Lucas de Lima Tagliapietra (born 5 November 1990), known simply as Lucas, is a Brazilian professional football player who plays for Portuguese club Penafiel  as a defender.

Career
Born in Alegrete, Rio Grande do Sul, Lucas began his career in the state with Santa Cruz in 2010. He then played for TSW Pegasus FC, where he was twice Hong Kong league runner-up, and once a domestic cup finalist. After that he moved to Moldova's FC Dacia Chișinău, and in 2013 transferred to another team in their league, FC Milsami. He left the club when they were in fifth position.

Lucas signed for Scottish club Hamilton Academical on a one-year contract on 30 January 2015. He made his debut in the Scottish Premiership on 22 February, replacing Martin Canning for the last seven minutes of a 4–0 defeat away to league leaders Celtic. On 16 May he scored his first goal for the club, heading in Ali Crawford's corner to open an eventual 2–1 loss away to Ross County. After breaking into the first-team he extended his contract with the club in May 2015, until the end of the 2015–16 season.

Lucas left The Accies in July 2016, and signed a contract with Boavista F.C. as a free agent. He scored his first goal for the club in the first day of the season, in a 2–0 home win against Arouca on 14 August. On 18 September, his errors led to both goals in a 2–1 loss to Feirense also at the Estádio do Bessa; the latter was a handball that denied a goal for Platiny and earned a red card. Manager Erwin Sánchez said that the blame for the defeat was shared across the whole team, not just Lucas.

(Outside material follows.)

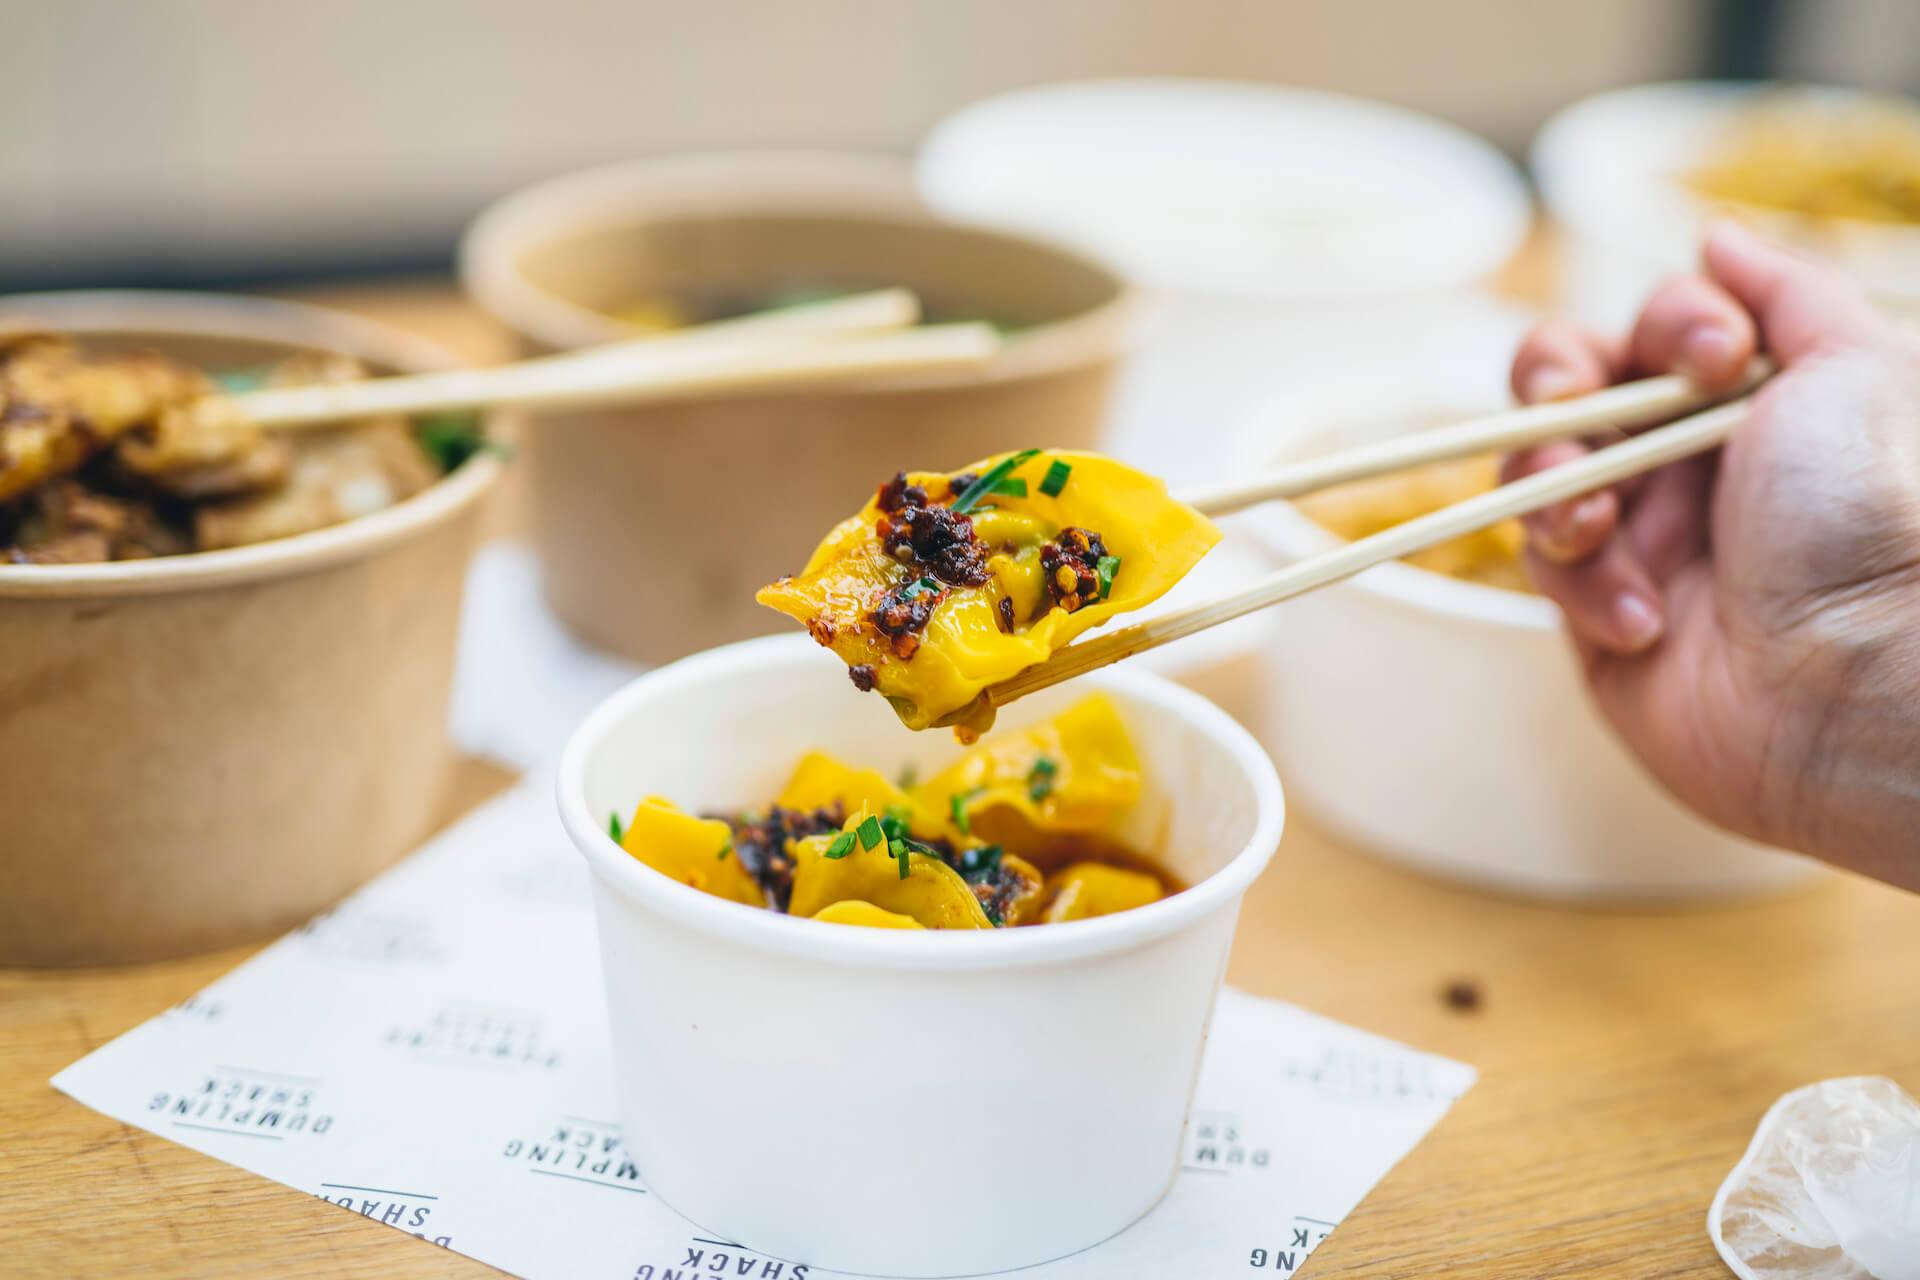 prawn-wontons-chilli-oil-dumpling-shack-london.jpg

In June 2017, Lucas returned to South America when he signed a four-year deal at LDU Quito in Ecuador, who purchased 50% of his economic rights.

After a year at Al Batin FC in the Saudi Professional League, Lucas returned to Boavista on a two-year deal in July 2019. He left again after one season and signed a contract of the same length for Portimonense in September 2020.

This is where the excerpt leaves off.